EXEMPLUM / EXEMPLE
DE L’EXEMPLE.
L’exemple est un Argument, dans lequel on tire une conclusion singuliere ou universelle, d’une ou de plusieurs propositions.
Exemple de l’Exemple.
Scylla qui estoit fort redoutable, envahit la Republique.
Il est donc à craindre, que Cesar qui est fort puissant ne s’en empare.
Autre exempte.
Les Romains ont tout perdu pour avoir voulu usurper.
Donc les Espagnols, qui ont le mesme dessein doivent craindre le mesme revers.
Autre Exemple.
La Magdelaine, le bon Larron, saint Pierre, & tous les autres vrais Penitens, ont receu le pardon de leurs fautes.
Donc le repentir de mes pechez pourra estre l’object de la misericorde de Dieu.
Autre exemple.
Darius ne voulut point attaquer la Grece qu’il n’eust assuietty l’Egypte, & il n’en fust pas plustost le Maistre qu’il tourna ses armes contre vous.
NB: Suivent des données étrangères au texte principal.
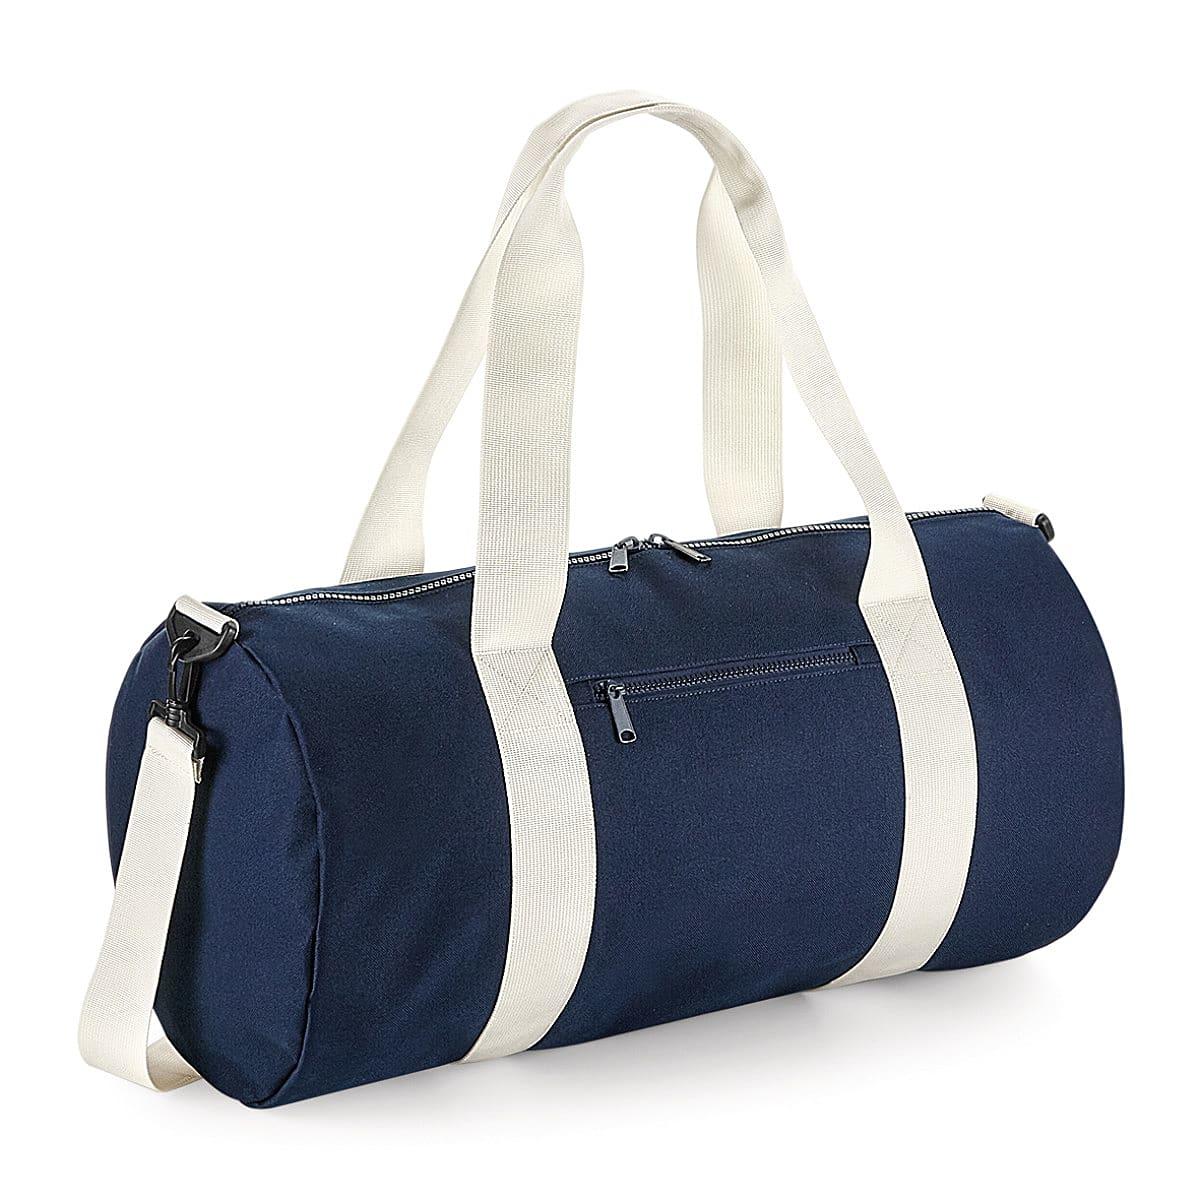 Bagbase Original Barrel Bag XL in French Navy / Off-White (Product Code: BG140L)

Xerxes pratiqua la mesme retenuë, & à peine remporta-t’il la mesme victoire qu’il fit la mesme enterprise: Il est donc à croire que ses predecesseurs, imiteront la mesme prudence, & que s’ils ont le mesme bon-heur, ils formeront le mesme dessein.
Autre Exemple.
Monsieur le Prince a esté loüé, de ce qu’il a fait estudier Monsieur le Duc d’Enguyen.
Donc tout grand Seigneur sera loüé, de ce qu’il fera estudier ses enfans.
Ces sortes de conclusions sont foibles, si le sujet de la loüange, n’est un bien tres decent, & tres considerable.
Les exemples sont veritables, ou inventez.
Les exemples inventez, sont paroboliques ou fabuleux.
Les paraboliques, sont tirez des actions que la raison attribuë aux hommes.
Et les fabuleux sont bien tirez des actions que la fiction attribuë aux bestes.
La sainte Escriture est pleine des premiers:
Et les escrits d’Esope, sont remplis des autres.
EXEMPLE DE L’EXEMPLE
Parabolique.
Tirer les Magistrats au sort, c’est comme si dans la liberté de choisir des Athletes, on s’exposoit à prendre les premiers venus, ne souffrez donc point, Messieurs, que le hazard fasse ce que la prudence doit faire.
Autre Exemple.
Retrancher ses Artisans d’une Ville, c’est comme si pour la commodité de l’homme, on vouloit retrancher ses bras, ne permettez donc point, Messieurs, qu’on remplisse nos armées, du vide de nos boutiques.
Exemple de l’Exemple fabuleux.
A peine un Renard, dit Esope, eust-il traversé une riviere qu’il tomba dans une fosse, où les Mouches l’attaquerent, un Herisson qui se trouva sur ces entre-faites, offre de le délivrer de ces petits volatils, & comme le Herisson fut surpris de ce refus, il le pria deslors de luy en dire la raison, les Mouches qui me couvrent, répondit le Renard, ne m’incommodent presque plus, elles sont soulles, & si tu les chaslois il en viendroit d’autres qui estant affamées, acheveroient de tirer le sang qui me reste. Ce que dit le Renard à l’Herisson, adjousta Esope, se peut dire aujourd’huy à Messieurs de Samos, Vous voulez faire perir un Magistrat qui est riche de ses Concussions, & vous ne considerez pas qu’en l’estat où est la fortune, il est presque assouvy de biens, que si sa charge devient vacquante, elle sera remplie de quelqu’autre qui estant alteré du sang du Peuple achevera de ruiner vostre Isle.
Autre Exemple.
Un Epervier poursuivoit un Rossignol, & il arriva qu’en volant dans un Village il tomba en la puissance d’un Païsan, l’Epervier qui croyoit que la douceur pourroit quelque chose sur ce Villageois le pria de bonne grace de le laisser aller; mais ce fut en vain, & il éprouva un sort tout contraire à celuy qu’il s’estoit promis: Cela vous apprend, Messieurs, que les belles parolles n’effacent pas les mauvaises actions, & qu’on ne se deffend pas de nuire à ceux qui s'efforcent de nuire aux autres.
Les fables, dit Aristote, sont plus faciles a trouver que les Exemples; mais ils ont moins de force: Quand on abonde en raisons peu d’exemples suffisent, & quand la chose dont il s’agit, est plustost fondée sur la coustume que sur la raison, peu d’exemples ne suffisent pas.
Quand les exemples précedent la raison ils passent pour une induction, & quand ils la suivent ils passent pour des témoignages; mais comme les exemples sont à proprement parler des confirmations, c’est renverser l’ordre des choses que de les faire primer.